The Support Vector Machines (SVM) algorithm is also combined with PCA, SPA and GA, considering the multidimensionality of data and non-linear limits52. For classification with SVM, the calculation follows the equation53:

$$F\left({\mathbf{x}}_{i}\right)= \mathrm{sign} \left(\sum_{i=1}^{{N}_{SV}}{\alpha }_{\acute{i} }{y}_{i}K\left({\mathbf{x}}_{i}, {\mathbf{z}}_{j}\right)+b\right),$$
(3)

where \({\mathbf{x}}_{i}\) and \({\mathbf{z}}_{j}\) are response vectors, \({N}_{SV}\) is the number of support vectors, \({\alpha }_{\acute{i} }\) is the Lagrange multiplier, \({y}_{i}\) is the class membership, \(K\left({\mathbf{x}}_{i}, {\mathbf{z}}_{j}\right)\) is the kernel function, and \(b\) is the bias parameter.

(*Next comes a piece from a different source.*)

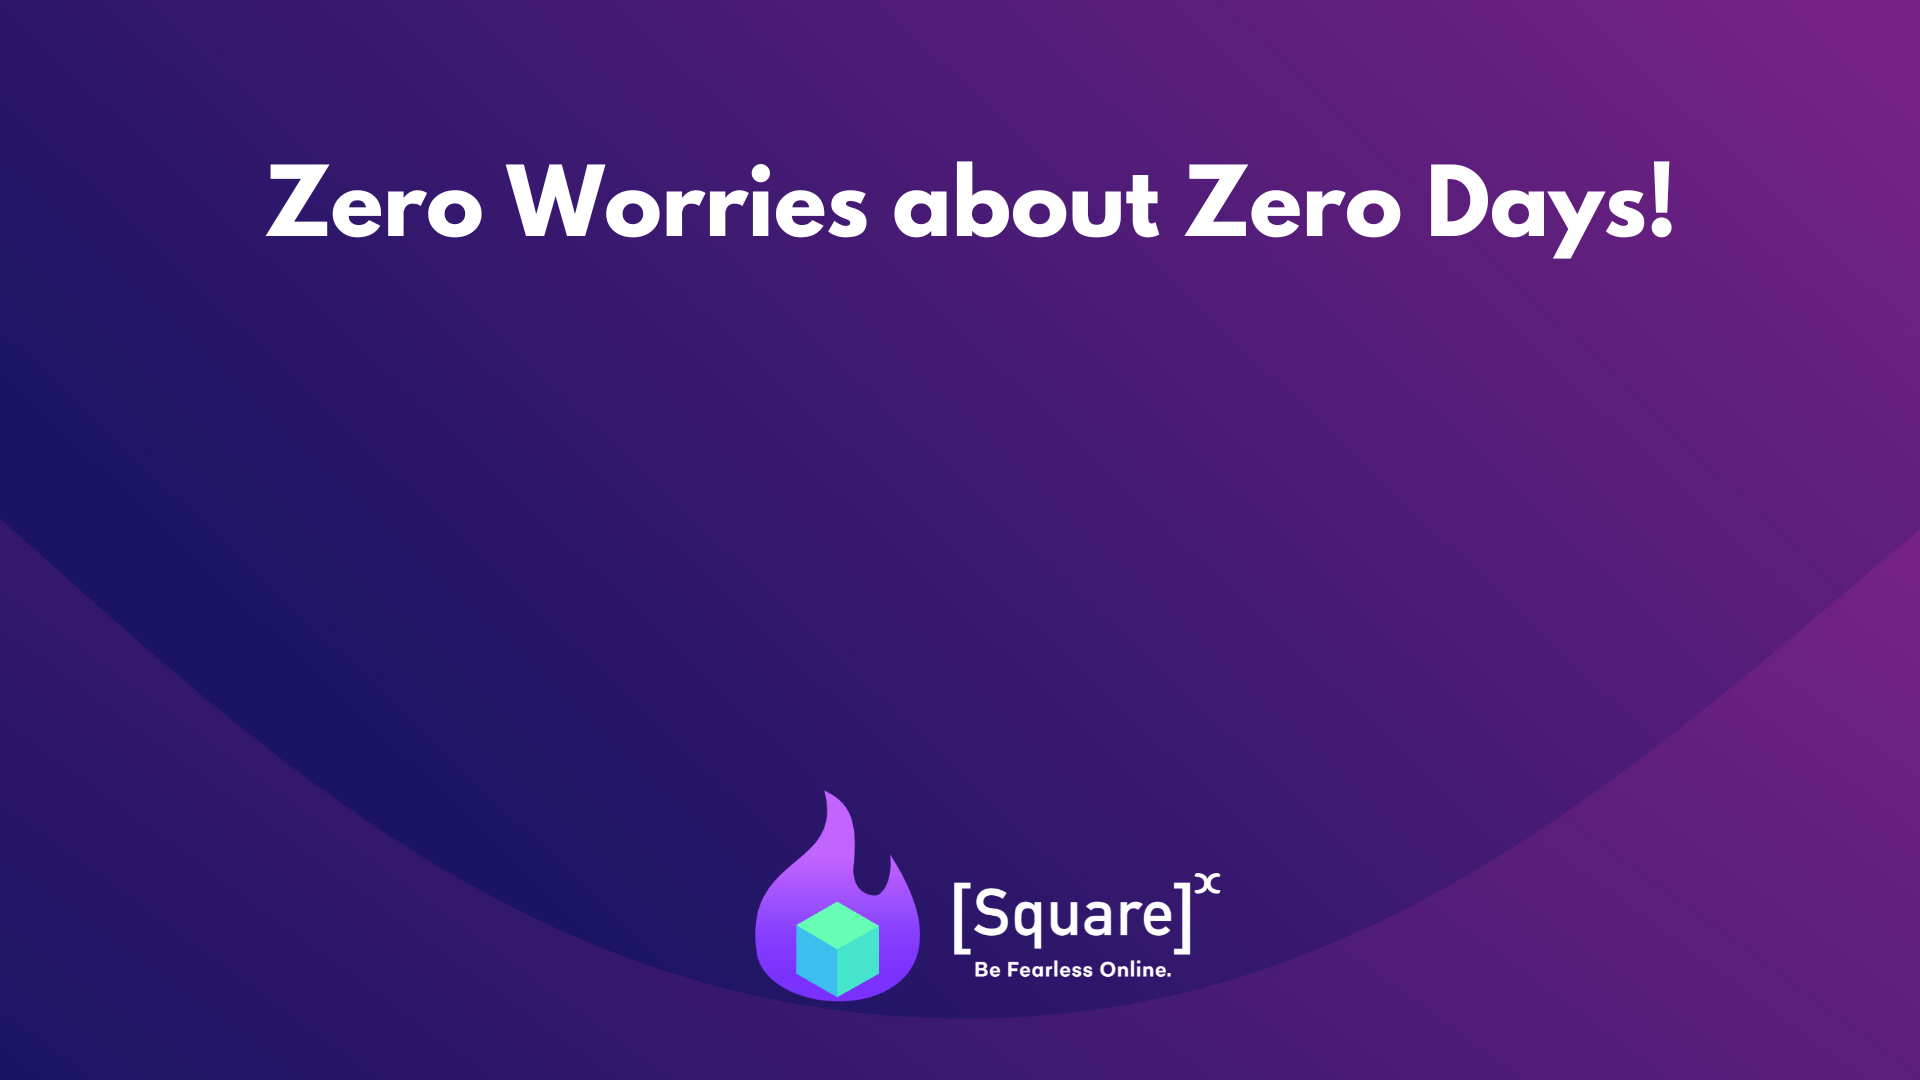 Zero worries about Zero Days!
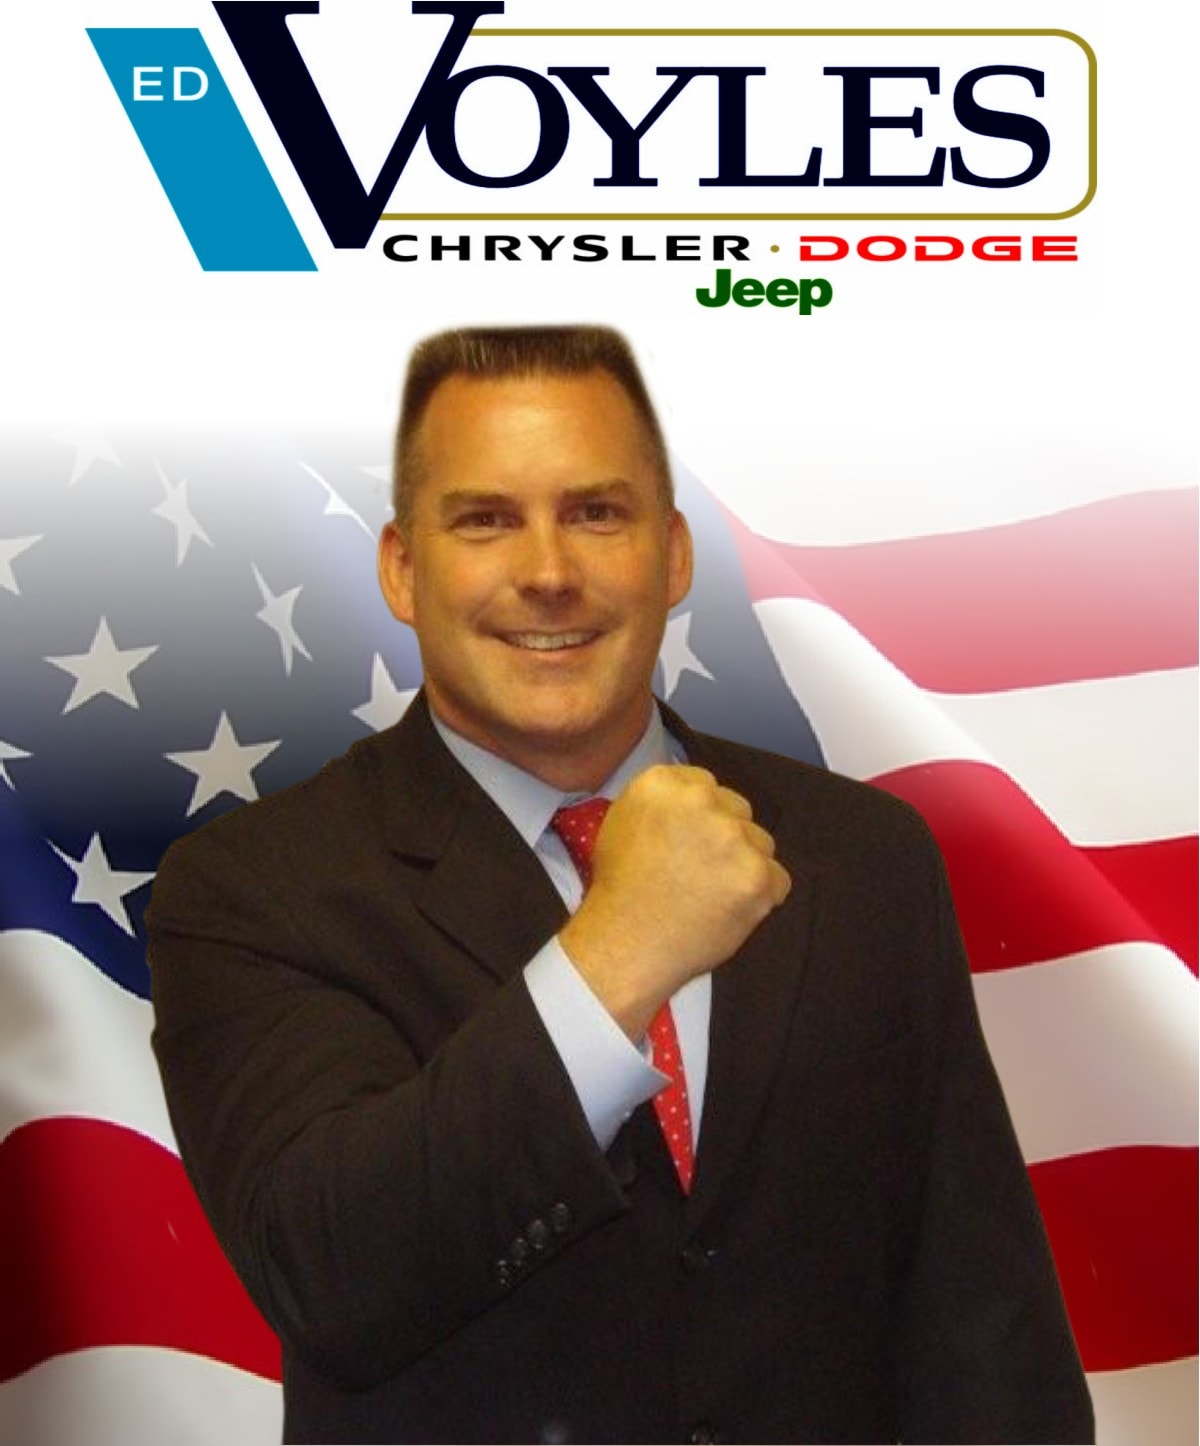 Ed Voyles Chrysler Dodge Jeep Ram Inc

The classification performance of the algorithms used in this study is evaluated through the sensitivity (SENS) (4), specificity (SPEC) (5) and accuracy (AC) (6), using the set of test samples for each group (cases and controls):

$$\mathrm{SENS}=\left(\frac{\mathrm{TP}}{\mathrm{TP}+\mathrm{FN}}\right) \times 100,$$
(4)
$$\mathrm{SPEC}=\left(\frac{\mathrm{TN}}{\mathrm{TN}+\mathrm{FP}}\right) \times 100,$$
(5)
$$\mathrm{AC}=\left(\frac{\mathrm{TP}+\mathrm{TN}}{\mathrm{TP}+\mathrm{FP}+\mathrm{TN}+\mathrm{FN}}\right) \times 100,$$
(6)

where TP stands for true positive, TN stands for true negative, FP stands for false positive and FN stands for false negative.